The idea is to give this out as an open-source contribution to the TiVo community.

Features at this point:
- extension points for your own app, so you can start an application by 
simply creating a new eclipse plugin
- built-in test hosting environment (one that is part of SDK)
- built-in launcher for the emulator (fires off a AWT window from 
eclipse, not SWT native one)
- eclipse views where you can see all your apps and start/stop them
- some test apps I've been tinkering with
- ability to launch all this as an eclipse RCP application, not just as 
plugins for eclipse

If you install plugins, you go to Windows->Views->Other... and find "Digital Geyser" among the views. If anyone is interested in using this, helping with development or suggesting anything, let me know!

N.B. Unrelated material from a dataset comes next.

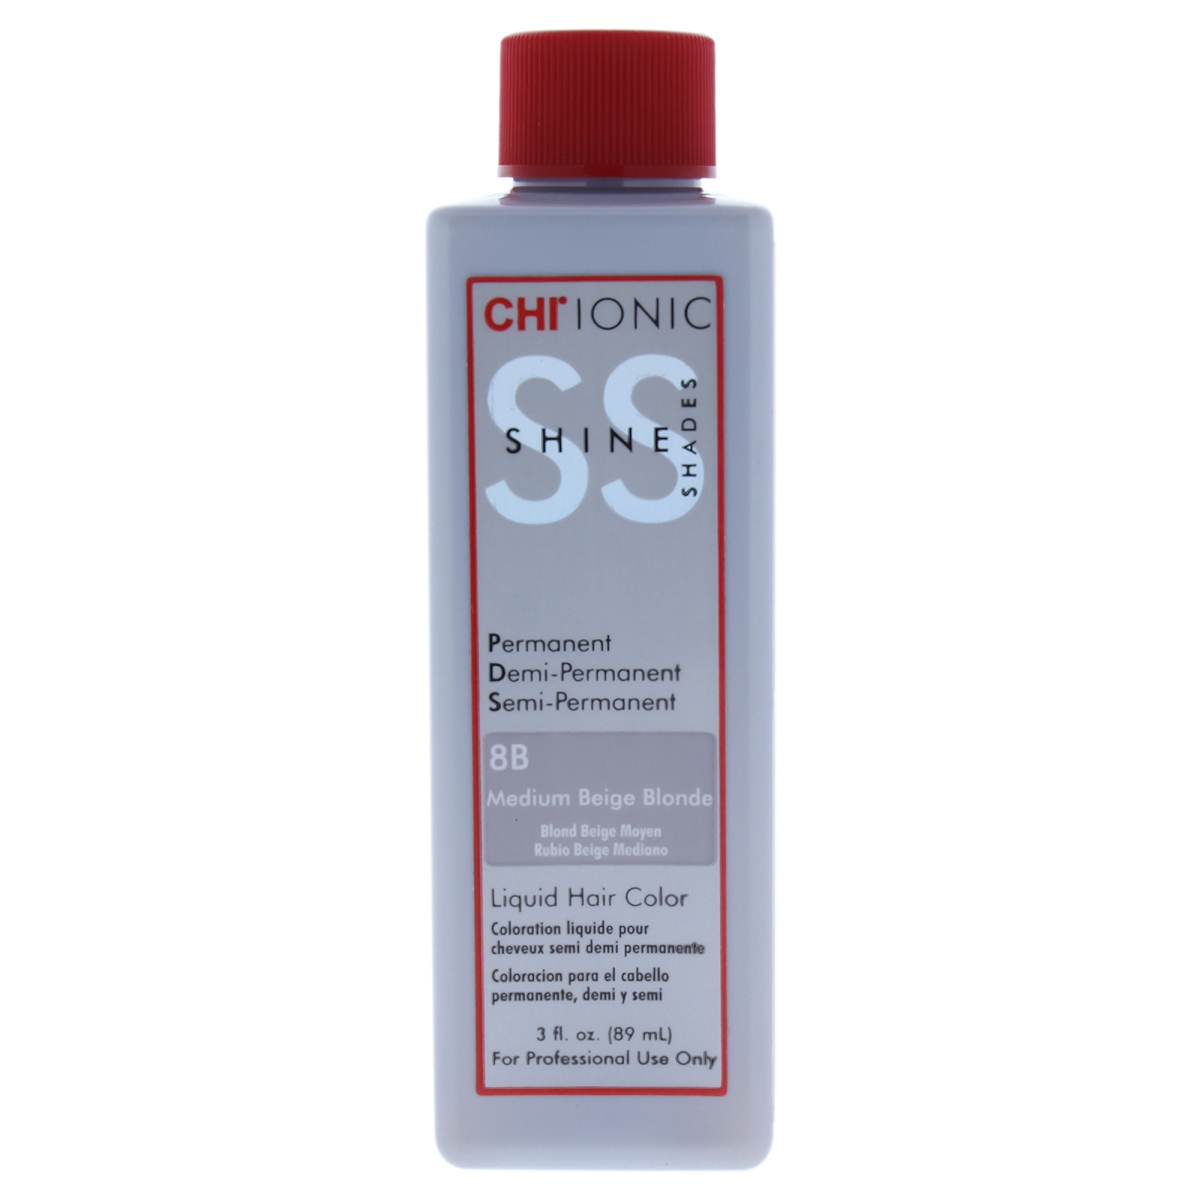 I0084043 Ionic Shine Shades Liquid Hair Color For Unisex - 8b Medium Beige Blonde - 3 Oz

I would be very interested to hear from TiVo, if using eclipse as a development environment is something you guys may be interested in as a formal SDK release, and how can we collaborate on that.


Cheers,
Timotej


----------



## Elazığlı168 (Jul 9, 2006)

*thanks*


----------



## Planetx (May 4, 2006)

Thanks for this contribution- I haven't taken a look at it yet, and really haven't looked too much at the HME SDK but am happy to see someone adding eclipse plugins for this. Thanks so much and Ill try to provide useful feedback / contributions.


----------